The amino acid sequence alignment of the candidate OBPs, CSPs, ORs, GRs, and SNMPs from O. communa and other insect species were performed using the ClustalW method57 implemented in the Mega v6.0 software package58. The OBP dataset contained 33 sequences from P. maculicollis, 31 from P. aenescens, 29 from G. daurica, and 47 from T. castaneum. The CSP dataset contained 10 sequences from P. maculicollis, nine from P. aenescens, 12 form C. bowringi, and 19 sequences from T. castaneum. The SNMP dataset contained two sequences from P. maculicollis, two from P. aenescens, four form C. bowringi, two from L. decemlineata, two from P. striolata, and five sequences from T. castaneum. The OR dataset contained 18 sequences from P. maculicollis, 23 from P. aenescens, 30 from C. bowringi, 36 from P. striolata, 34 from M. caryae, and 70 sequences from T. castaneum. The GR dataset contained six sequences from P. maculicollis, 12 from P. aenescens, 12 from P. striolata, and 44 sequences from T. castaneum. The IR dataset contained six sequences from P. maculicollis, eight from P. aenescens, 26 from P. striolata, six from C. bowringi, and 23 sequences from T. castaneum. All amino acid sequences of O. communa and other insects used in the phylogenetic analyses are listed in Supplementary Material S1. The phylogenetic tree was constructed using the neighbor-joining (NJ) method59 with P-distance modeling and pairwise deletion of gaps performed in the Mega v6.0 software package58 and the dendrograms were colored in Fig Tree v1.4.3 software package. The reliability of the tree structure and node support was assessed using a bootstrap procedure based on 1,000 replicates. To ensure greater accuracy in the analyses and make sure that the analyzed transcripts corresponded to individual genes, incomplete transcripts without sufficient overlap in alignments and protein sequence length less than 100 amino acids in length were excluded from the phylogenetic analyses. Six group candidate chemosensory genes were named “OcomOBP,” “OcomCSP,” “OcomSNMP,” “OcomOR,” “OcomGR,” and “OcomIR,” and were followed by a numeral in descending order of their coding region lengths.

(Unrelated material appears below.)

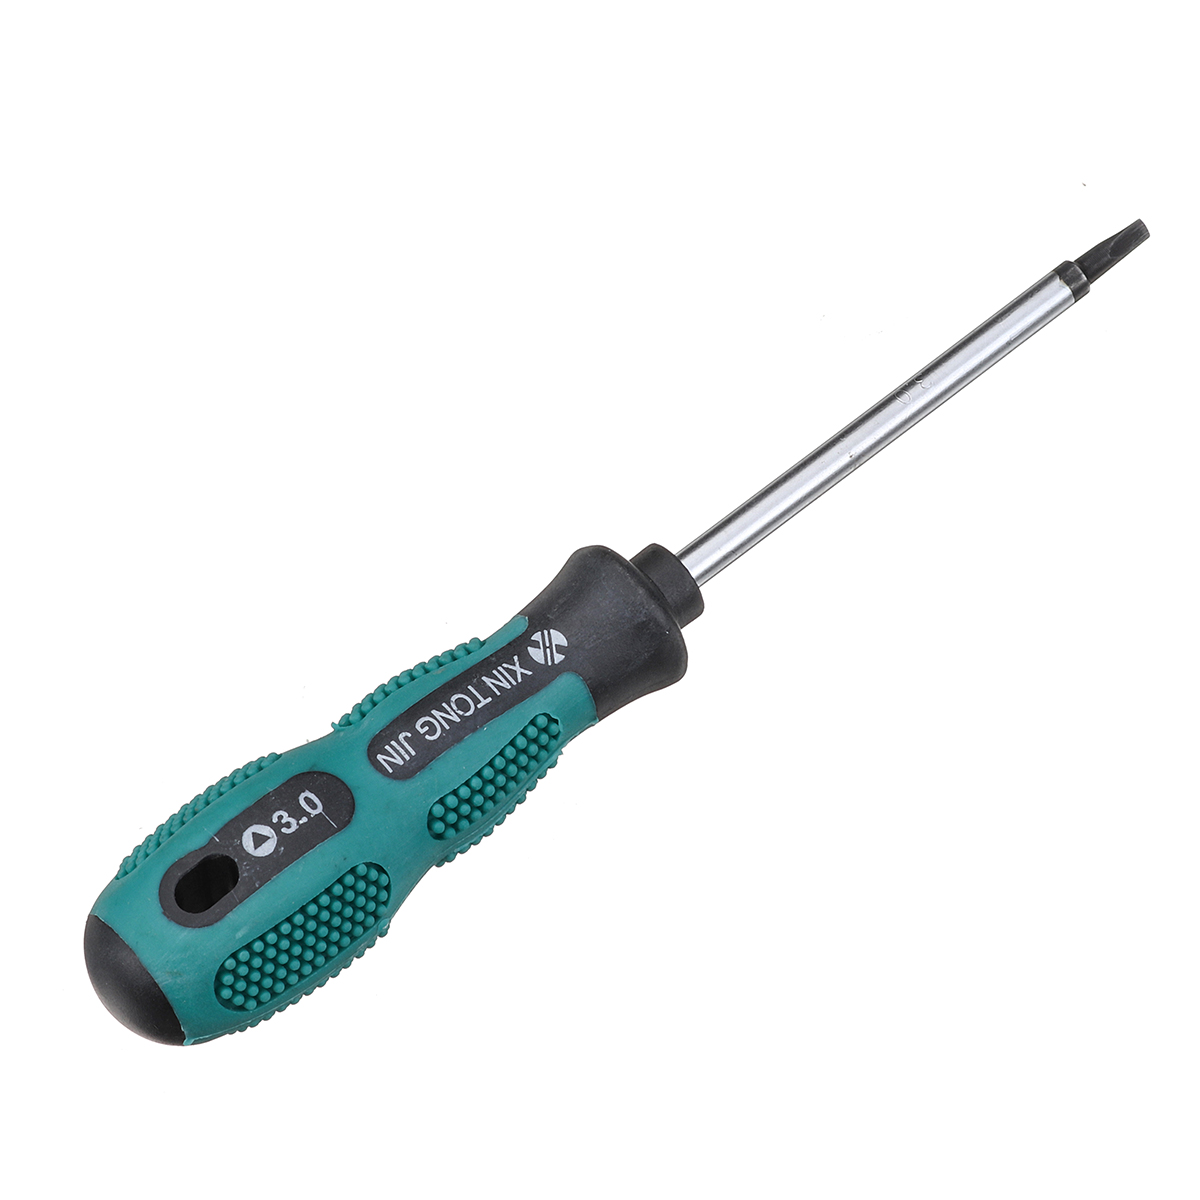 Portable-Insulated-Screwdriver-Magnetic-Bits-Watches-Toys-Repair-Tool-1553444-7

Quantitative real-time PCR validation

We selected 15 ORs and four OBPs to verify their expression profiles because their relative high abundance from fragments per kilobase of exon per million reads mapped (FPKM) data in antennal transcriptome. The expression profiles of 15 ORs and four OBPs were analyzed using qPCR experiments. Total RNA was isolated from the five tissues as described above. The concentration of each RNA sample was standardized to one ug/ul and the cDNA was synthesized using a first-strand cDNA synthesis kit (Transgen Biotech, Beijing, China) according to the manufacturer’s protocol. Ribosomal protein (RL4) was used as an internal control and its specific primer sequences were RL4-F: “TGTGGTAATGCTGTGGTAT” and RL4-R: “TCTAGCACTGCATGAACA”. The qPCR was performed on an ABI 7500 (Thermo Scientific, Waltham, MA, USA) with TransStar Tip Top Green qPCR Supermix (Transgen Biotech, Beijing, China). The PCR reaction programs were 30 s at 94 °C, 40 cycles of 94 °C for 5 s, and 60 °C for 34 s. All qPCR primers were designed using Primer Premier 5.0 (PREMIER Biosoft International) and the efficiency of these primers was validated before gene expression analysis. All primer sequences were listed in Supplementary Material S2. Each qPCR reaction was performed using three technical replicates and three biological replicates.

Statistical analysis

Data analysis was performed using the 2−ΔΔCT method and data were analyzed using SAS 9.0 (SAS Institute Inc., Cary, NC, USA). Statistical significance was assessed by an analysis of variance (ANOVA) followed by a Tukey multiple comparison tests. A value of P < 0.05 was considered statistically significant. Figures were made using OriginPro 9.1 (Northampton, Massachusetts, USA).

Data deposition

All the Illumina sequencing data of the antennal transcriptome in this study have been stored in the NCBI SRA database, under the accession number of SRR8372148 (O.communa male antennae) and SRR8372149 (O.communa female antennae).